Many thanks in advance.


https://github.com/kasperdanielhansen/minfi/blob/master/R/dmr.R

limma minfi methylation dmpfinder • 1.0k views
ADD COMMENTlink modified 2.2 years ago by vulegom0 • written 2.8 years ago by mcall0
Answer: Is anyone able to explain the statistics behind the dmpFinder function in minfi
0
gravatar for James W. MacDonald
2.8 years ago by
United States
James W. MacDonald50k wrote:

Rather than looking at the code, why don't you look at the help page? It says

Arguments:

     dat: A 'MethylSet' or a 'matrix'.

   pheno: The phenotype to be tested for association with methylation.

    type: Is the phenotype ''continuous' or 'categorical'?

 qCutoff: DMPs with an FDR q-value greater than this will not be
          returned.

shrinkVar: Should variance shrinkage be used? See details.

Details:

     This function tests each genomic position for association between
     methylation and a phenotype. Continuous phenotypes are tested with
     linear regression, while an F-test is used for categorical
     phenotypes.

     Variance shrinkage ('shrinkVar=TRUE') is recommended when sample
     sizes are small (<10). The sample variances are squeezed by
     computing empirical Bayes posterior means using the 'limma'
     package.

Which seems to be fairly explanatory, unless you don't know what 'squeezing variance' means, in which case you should read the limma User's Guide, or just rest easy knowing that you should do this if you have very few samples, and maybe not if you have more samples.

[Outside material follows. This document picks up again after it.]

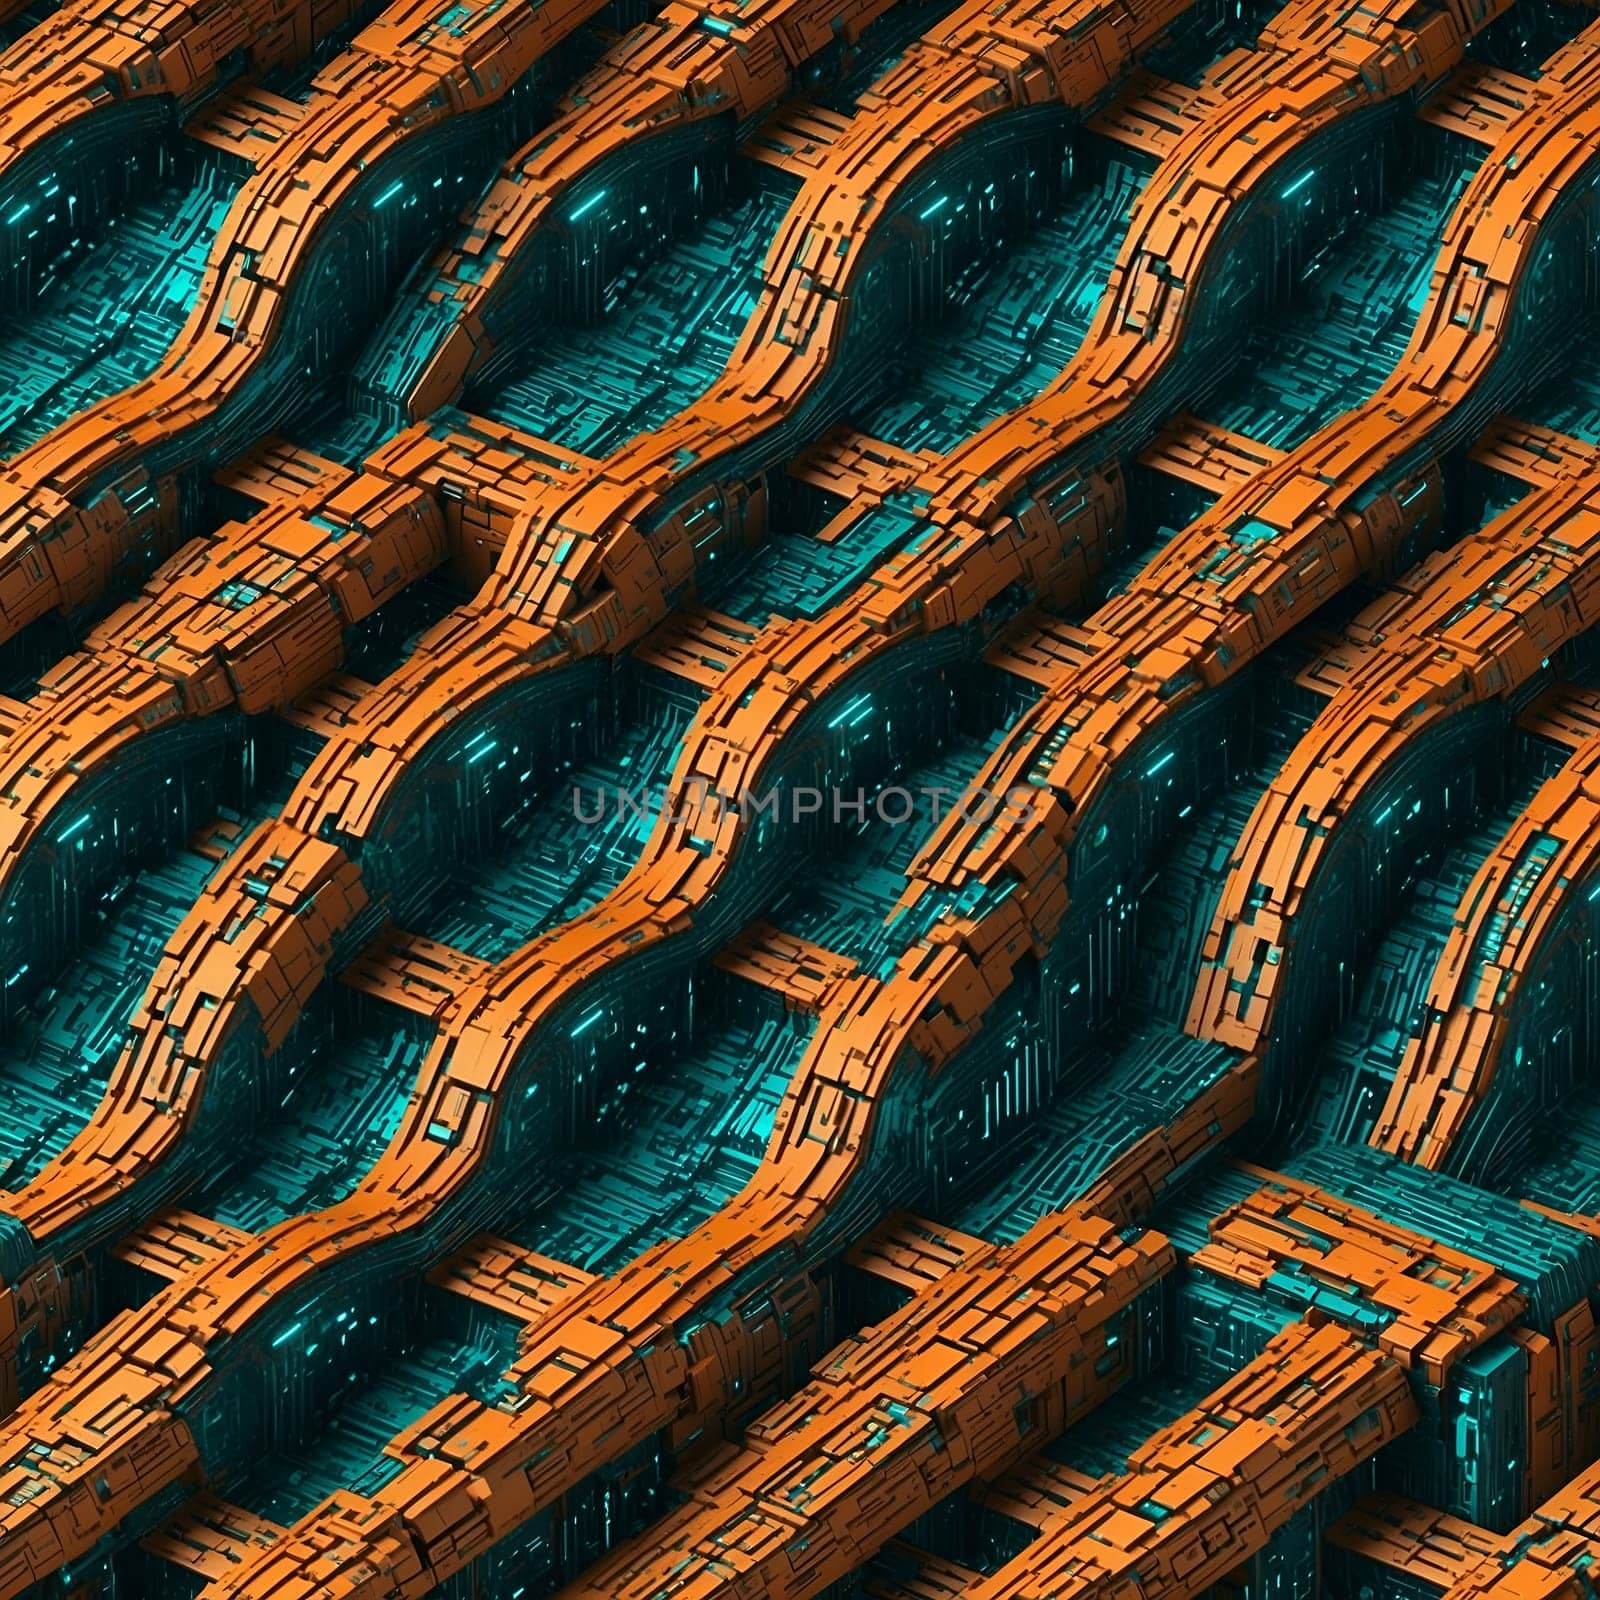 A seamless pattern featuring a multitude of orange and blue boats sailing on the water.

ADD COMMENTlink written 2.8 years ago by James W. MacDonald50k

Hi James.

Many thanks for you reply.

Maybe I should give you more background.

I am trying to select an N amount of probes that are differentially methylated based on a linear model (for further analysis that talking about it doesn't fit in this question)

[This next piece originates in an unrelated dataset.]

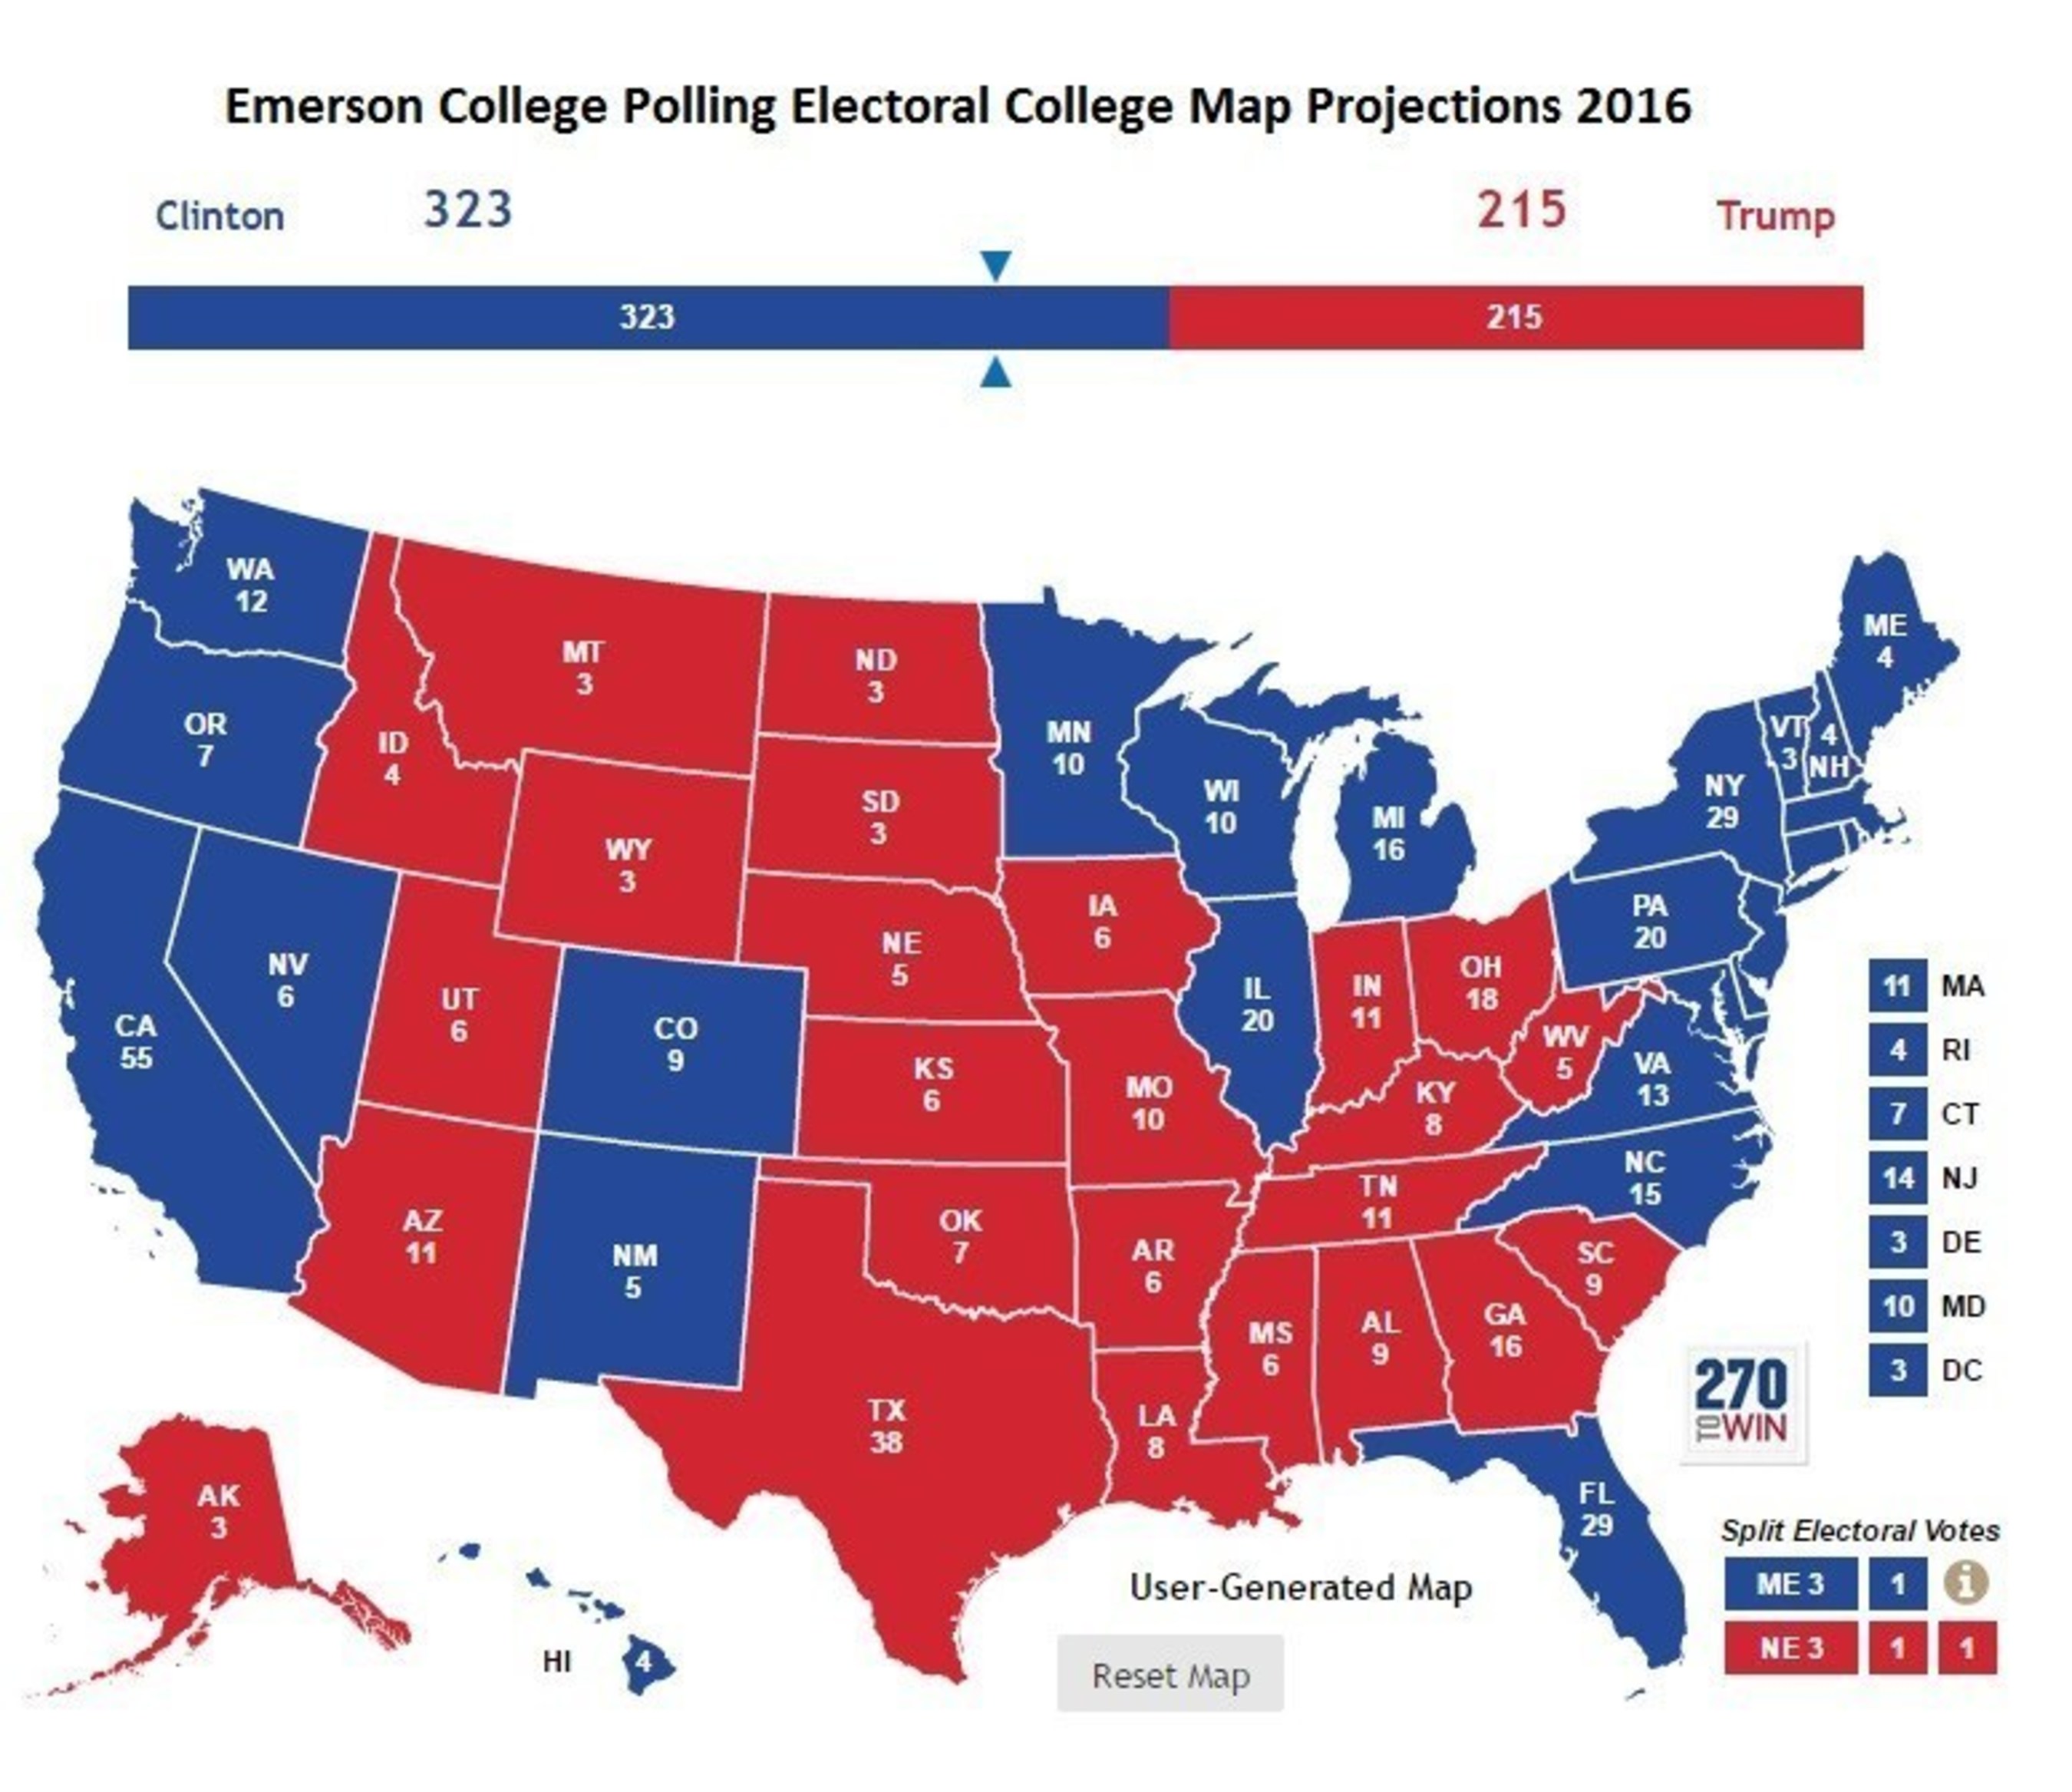 Emerson College Polls: Emerson Map Shows Many Tight Races But a Lopsided Win for ...

Since I have a constraint to choose N amount and not just all the data coming from the 450k experiments, my first shot was to preselect them based on the dmpFinder outcomes. But later, I learned that the function is just a wrapper around limma. So I tried with limma to see if got the same dmp.

 

With “minfi” package, to get those dmp, I do:

dmp1 <- dmpFinder (betas, IC50Drug1 , type = "continuous")

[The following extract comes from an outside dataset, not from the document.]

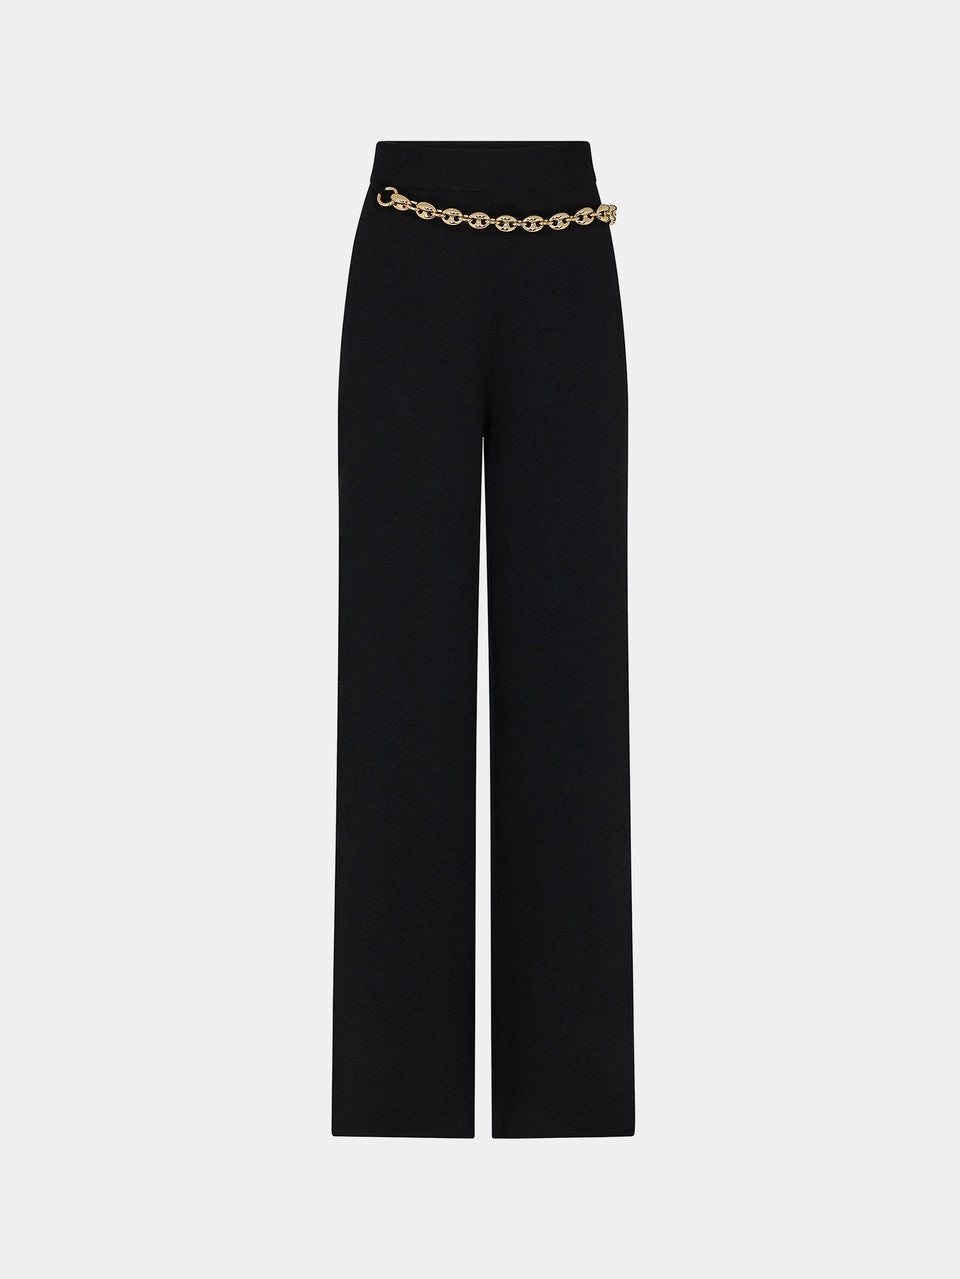 Black trousers with the gold eight chain

as you can see I don’t use ('shrinkVar=TRUE'), because I know my sample size is not too small…

 

However, I don’t get the same result if I apply the following with limma:

betas <- rbind (betas, IC50Drug1)

design <- model.matrix(~IC50Drug1, data = betas)

fit <- lmFit (betas, design)

ebfit <- eBayes(fit)

fitted_limma <- topTable(ebfit, number=1000, p.value = 0.05, adjust.method="fdr",

coef=1, sort.by = "p")

 

I can see I get a different result because, since I didn’t choose to ('shrinkVar=TRUE'), then the code that is running is the following:

else if (type == "continuous") {

design <- model.matrix(~pheno)

fit <- lmFit(M, design)

if (shrinkVar) {

fit <- eBayes(fit)

sigma <- sqrt(fit$s2.post)

df <- fit$df.prior + fit$df.residual

} else {

sigma <- fit$sigma

df <- fit$df.residual

}

coef <- fit$coefficients

if (is.vector(coef))

coef <- matrix(coef, ncol=2)

stdev <- fit$stdev.unscaled

if (is.vector(stdev))

stdev <- matrix(stdev, ncol=2)

t <- coef[, 2]/(stdev[, 2] * sigma)

pval <- 2 * pt(abs(t), df=df, lower.tail=F)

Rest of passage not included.